The purpose of this study is to learn more about newer methods of transplanting blood cells donated by a partially matched family member to children with high-risk CD19 positive leukemia ALL. Primary Objective: \- To assess the safety and feasibility of combining CD19-CAR(Mem) T cells after TCRαβ+/CD19 depleted haploidentical donor transplantation for pediatric patients with relapsed/refractory CD19+ B-cell malignancies. Secondary Objectives: * To estimate 1-year post-transplant overall survival, event-free survival, and GVHD-free relapse-free survival (GRFS). * To estimate cumulative incidence of engraftment, acute and chronic GVHD, and immune-related adverse events, including CRS and ICANS.

Key Dates

Start date
Jun 3, 2026
Status verified
May 2026
Primary completion
Dec 31, 2031
Completion
Dec 31, 2035

Study Design

Enrollment
70 participants (estimated)
Allocation
NA
Intervention model
SINGLE_GROUP
Primary purpose
TREATMENT

Arms

  • Experimental: HAPALL Treatment
    Patients receive a conditioning regimen that will comprise of ATG, Fludarabine, Cyclophosphamide.

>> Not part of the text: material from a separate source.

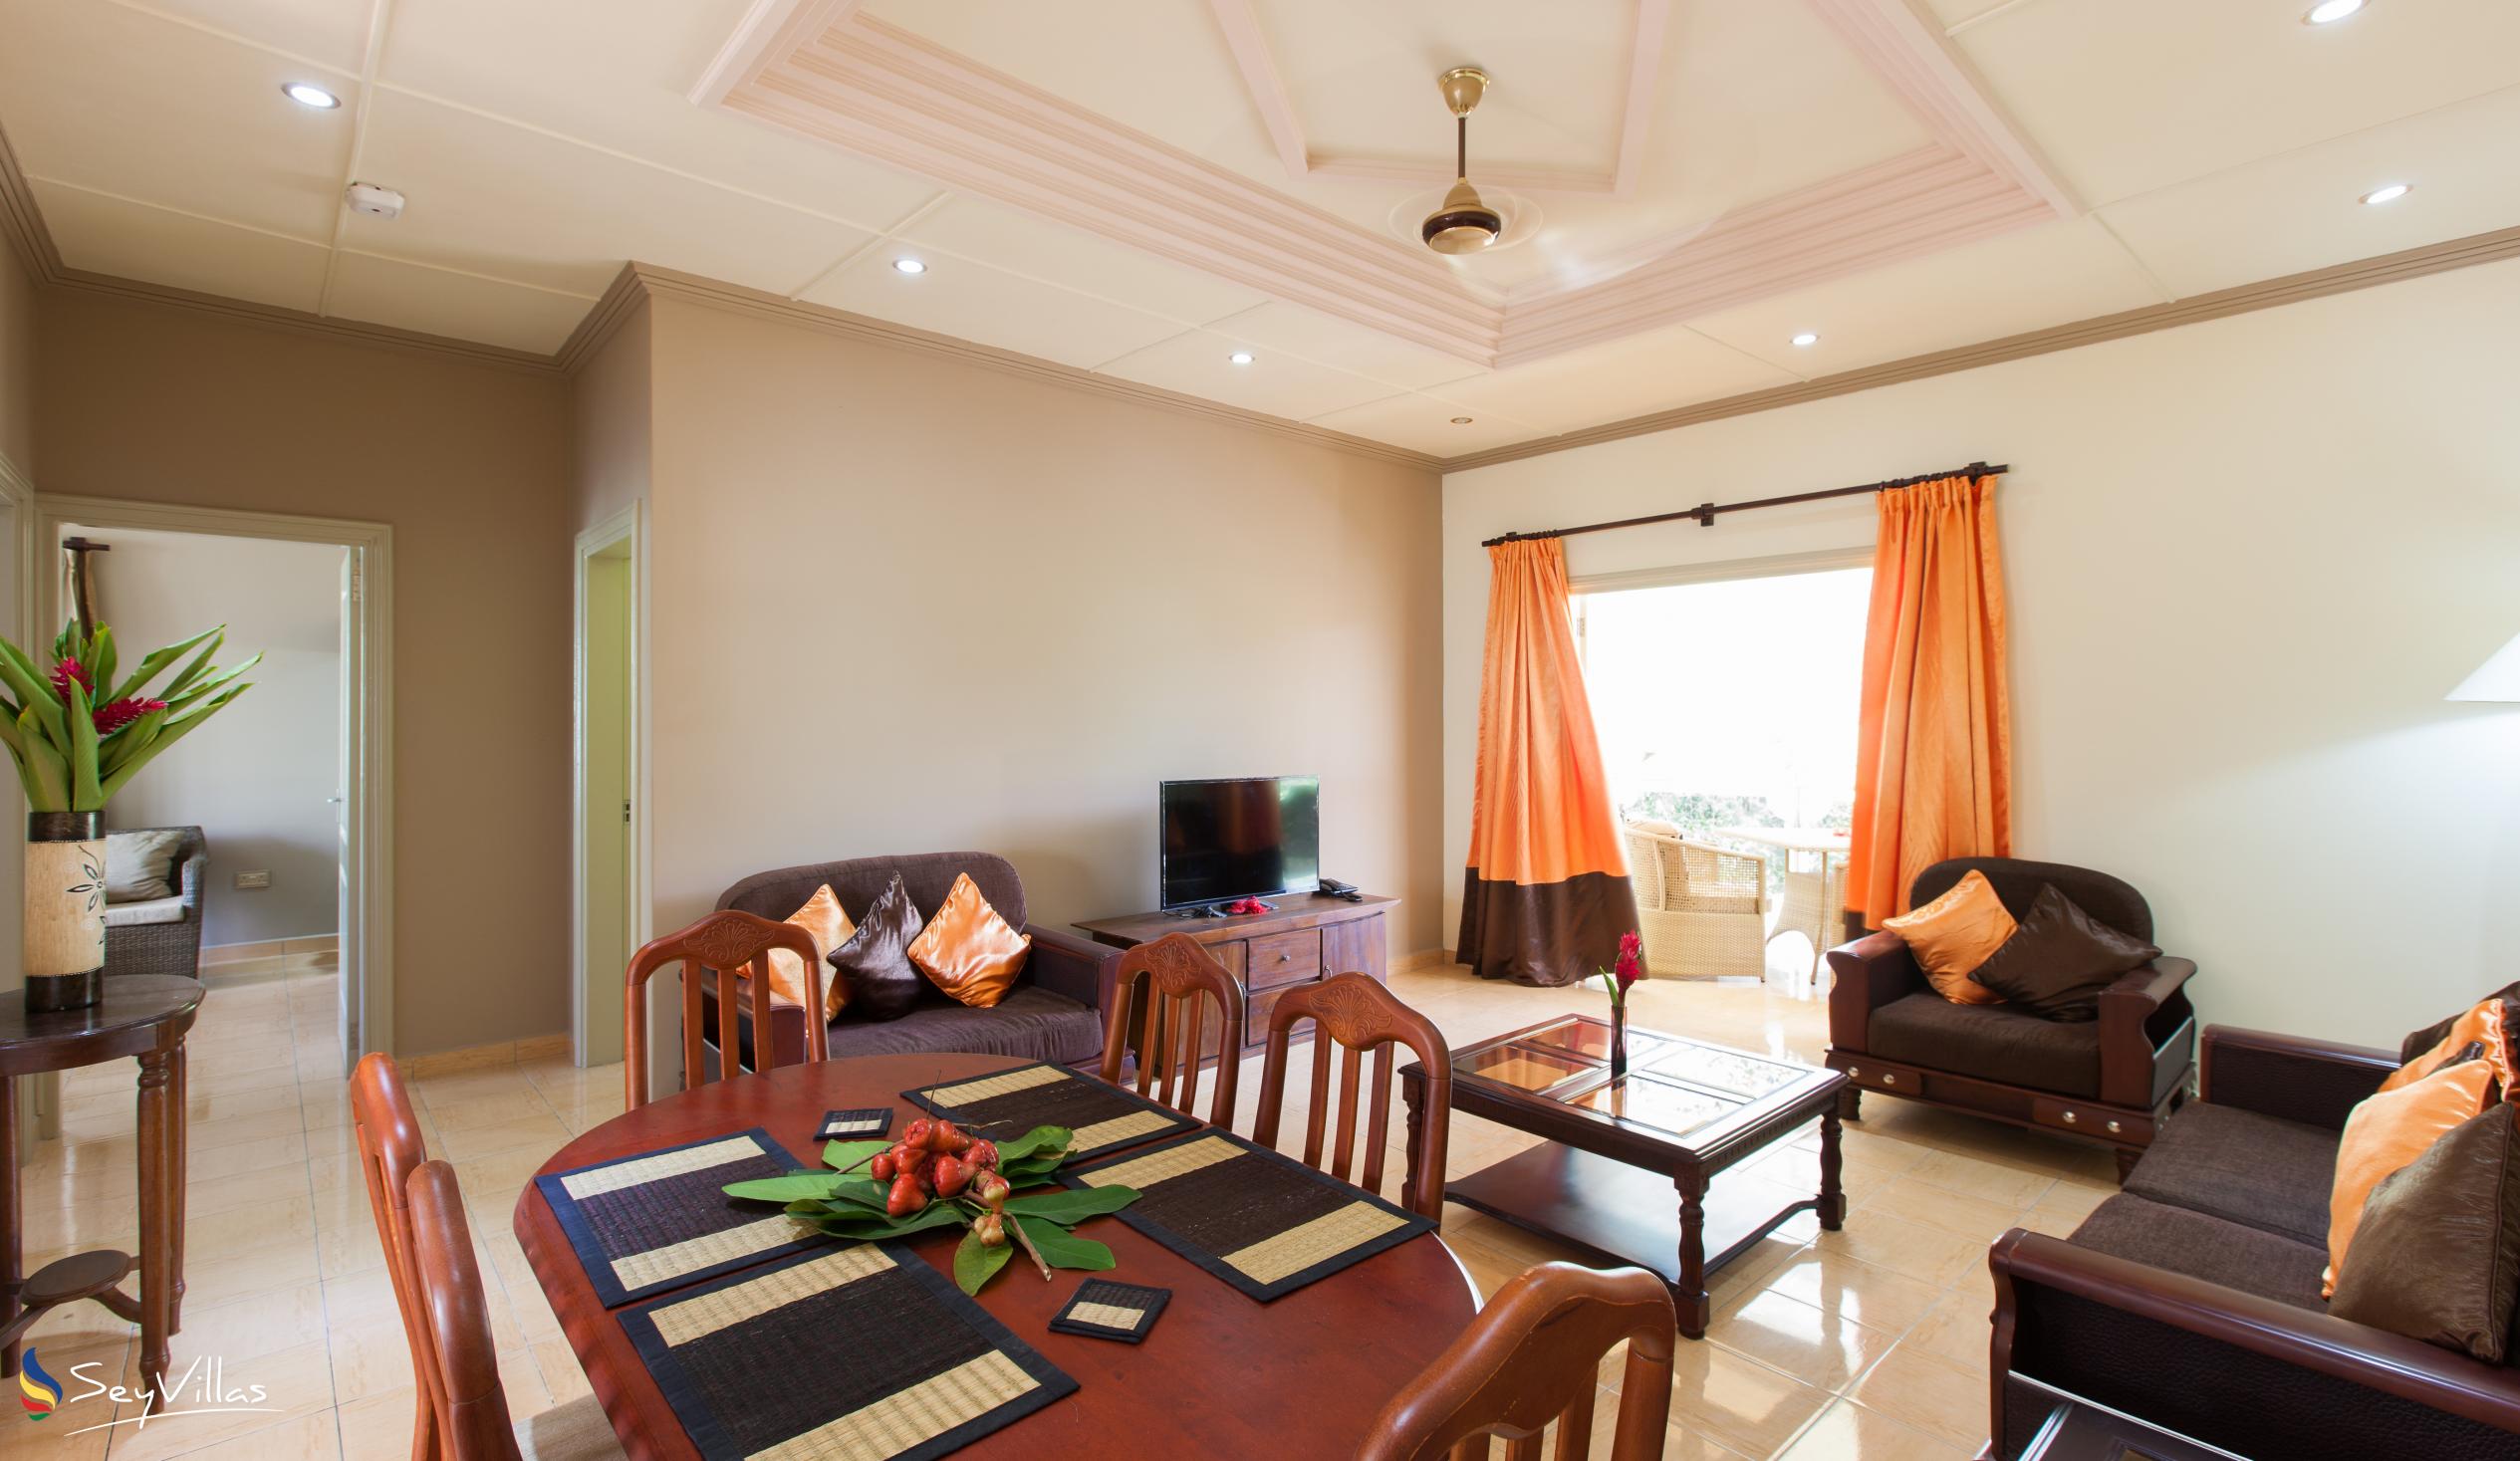 Foto 35: Chez Bea Villa - Appartement 2 chambres - Praslin (Seychelles)

Melphalan and Thiotepa. Following the conditioning regimen, patients receive infusion of TCRαβ+/CD19 B cell depleted progenitor cell infusion on day 0. Then as early as day + 14 patients will receive the previously manufactured CD19-CAR(Mem) T cell product. Patients will then be monitored for safety and efficacy of the infused CAR T-cell product, Cells for infusion are prepared using the CliniMACS system.

Primary Outcome Measure

To assess the safety of combining CD19-CAR(Mem) T cells after TCRαβ+/CD19 depleted haploidentical donor transplantation for pediatric patients with relapsed/refractory CD19+ B-cell malignancies. [ Time Frame: This will be assessed 100 days post-HCT ]

Central Contacts

Locations (1)

FacilityCityStateZIPSite coordinators
St. Jude Children's Research HospitalMemphisTennessee38105
Swati Naik, MBBS
888-226-4343
Swati Naik, MBBS (PRINCIPAL_INVESTIGATOR)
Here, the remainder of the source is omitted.